Half of Tough's career was over, and he didn't seem to have much to show for it. But this was deceptive. He certainly had helped inspire the great rhythmic drive of the Chicago players, and he must have helped shape whatever subtlety they had. He had worked his way through the styles of the New Orleans drummers Baby Dodds and Zutty Singleton, and, by ceaselessly experimenting, had become a first-rate, original drummer.

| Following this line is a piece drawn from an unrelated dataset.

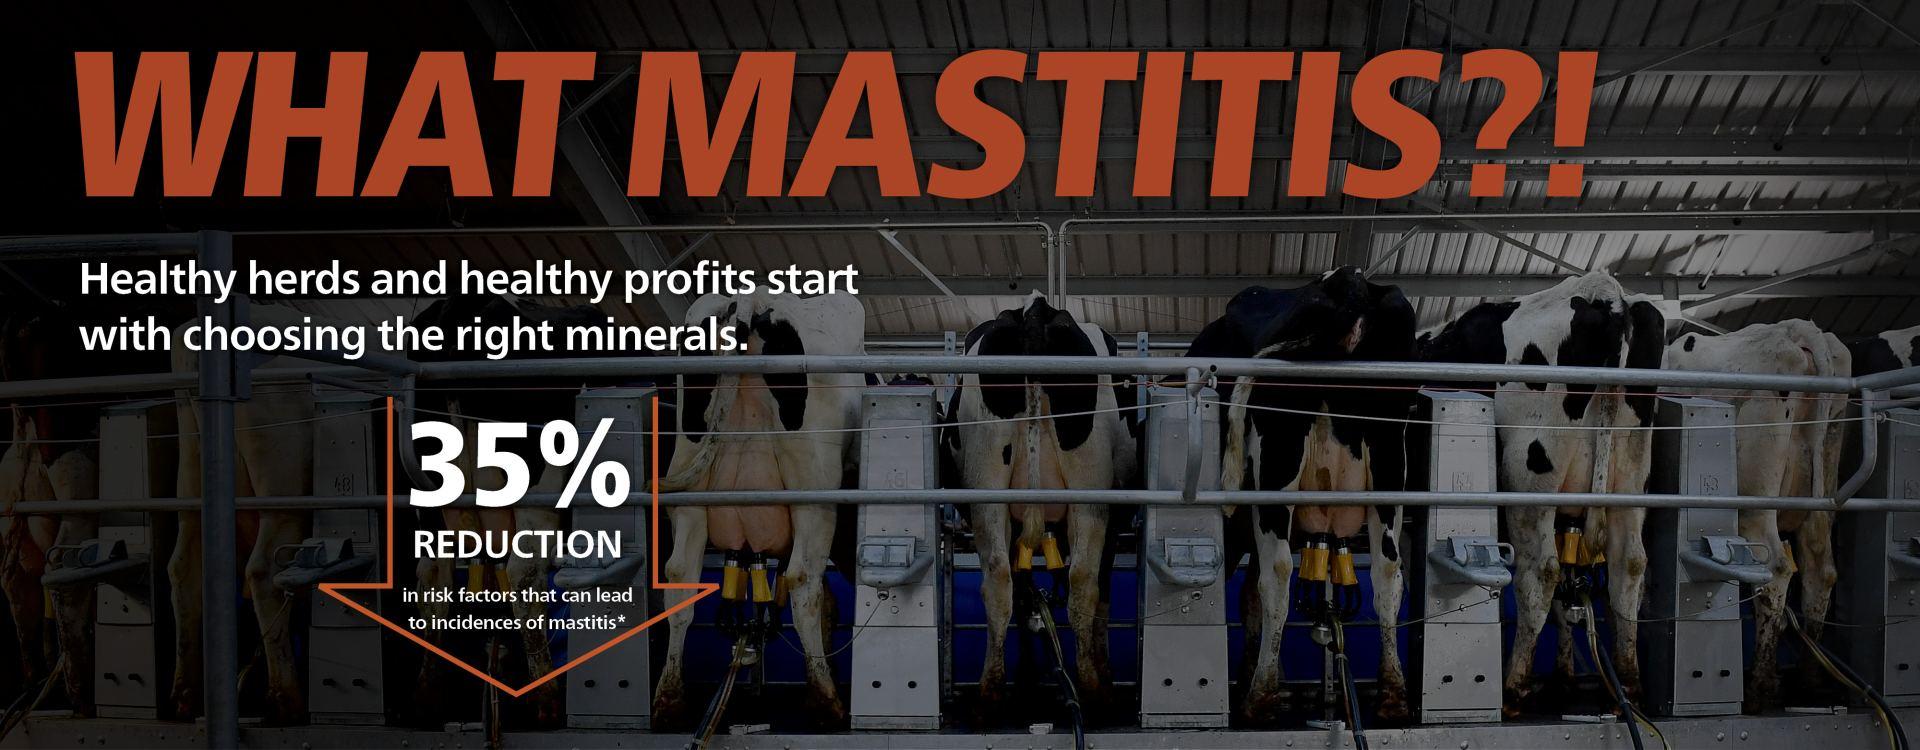 Mastitis campaign

He knew books and art, and this added stature and class to the popular image of the jazz musician as an uncouth primitive. His great gifts were far more visible during the last half of his career. Tommy Dorsey, starting his own band, hired Tough in 1936, and appears to have helped him back to some sort of normality. (Tough and his wife were divorced the same year.) He stayed with Dorsey for more than two years, lifting his soloists and giving what was basically a big Dixieland band a fresh and buoyant feeling. He also took on an advice-to-drummers column for the monthly music magazine Metronome. Much of what he wrote tends to be facetious, but it knocked out his peers and gave him the reputation of being a writer. He considers drummers and chewing gum:After considerable spade work on my research into the effects of chewing gum on swing-drumming, I have turned up a few hitherto unpublished secrets of world-shattering importance: George Wettling and Maurice Purtill chew nothing but Juicy Fruit. James Crawford, the gent who beats out all that gyve [jive] with Lunceford -solid man! - prefers Spearmint. The two Rays, McKinley and Bauduc, are Black Jack men down to the ground.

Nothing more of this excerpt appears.